MOTIVATION, BENEFITS, AND APPROACH
Currently, there is a trend towards to development of applications that are not centered around a single device, but rather families of systems each tailored to specific customer needs. Often, these systems will operate with many other systems.
As systems become more complex, the relative cost of verifying and testing behavior will steadily increase unless new approaches are developed. In the electronics arena (the leader of many trends), this trend is prejuiding manufacturers towards components/subsystems that have guaranteed high-volume production (where the test and verification process can be amoritized more economically). Therefore, we would like to identify a common "hardware and software" denominator (which we will refer to as the "platform") that can be shared across multiple applications. Ideally, future evolutions of these applications will occur with only minimal extensions to functionality.
Challenge. The challenge that we face is providing system designers with the tools to design, evaluate and program these "platform architectures" with appropriate metrics for the "early" evaluation and verification of system performance. System designers must therefore have the capability to specify, manage, and verify the functionality of concurrent behaviors. Reuse is a must.
Both reuse and early error detection imply that the design activity must be defined rigourously so that all phases are clearly defined and appropriate checks are made.
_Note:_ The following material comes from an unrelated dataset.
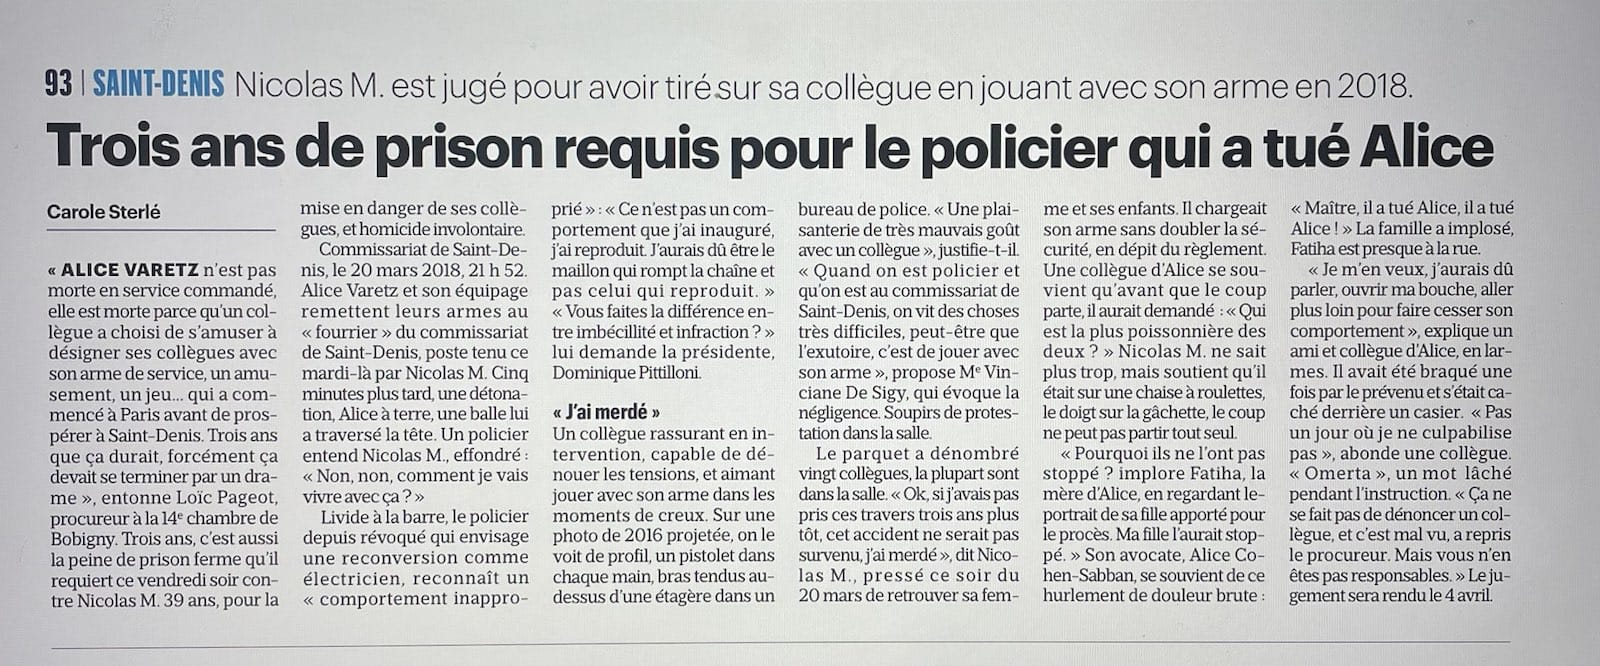 Article Le Parisien Police arme prison

To be effective, a design methodology that addresses complex systems must start at high levels of abstraction. This requirement is at odds with current design practice where designers are familiar with working at levels of abstraction that are too close to the final implementation (e.g., requirements written in a way that ties the implementation to a particular technology). As a result, sharing design components (i.e., reuse) and early verification of designs before prototypes are built is nearly impossible.
Trade-Offs in Design Reuse
Design resuse is most effective in reducing development time and and cost when the components and subsystems to be shared are close to the final implementation. There is, of course, a cost to pay for this benefit since it is not alway desirable to share designs at this level. As the design specification becomes progressively more detailed, nominal variations in specification can result in different (albeit almost the same) implementations. If moving to a higher level of design abstraction eliminates these design differences, then the higher level of abstraction can be shared, with perhaps only a minimal amount of work needed to customize the design for the final implementation.
With this framework of development in mind, our long-term research and development goal is to create libraries of hardware and software components and subsystems that can be easily shared and used in new designs. Since the reuse of design abstractions varies with the fidelity of design description, it is important to have miltiple levels of functionality supported in such a library. For example:
These can be shared across product High levels of design abstraction can be shared across product lines and product versions. They have longevity.
These are close to the final implementation and can change with advances in technology.
It is important to start the design process at a high level of abstraction that can be implemented in a wide variety of ways. In this framework, the design and implementation process corresponds to a sequence of steps that remove choice from the formal model (i.e., the abstract representation of the design should contain all of the correct implementations in the sense that behavior of the implementation should be consistent with the abstract model behavior).
------------------------------------------------------------------------------ Role of UML and "Formal Models of Computation" ------------------------------------------------------------------------------
Today -- UML descriptions of component-based design of software systems.
Future -- Promote formal models and transformations in system design so that
verification and synthesis can be applied to the advantage in the methodology.
Verification is effective if complexity is handled through formal
models, abstraction and formalization (Sangiovanni-Vincentelli, 1996).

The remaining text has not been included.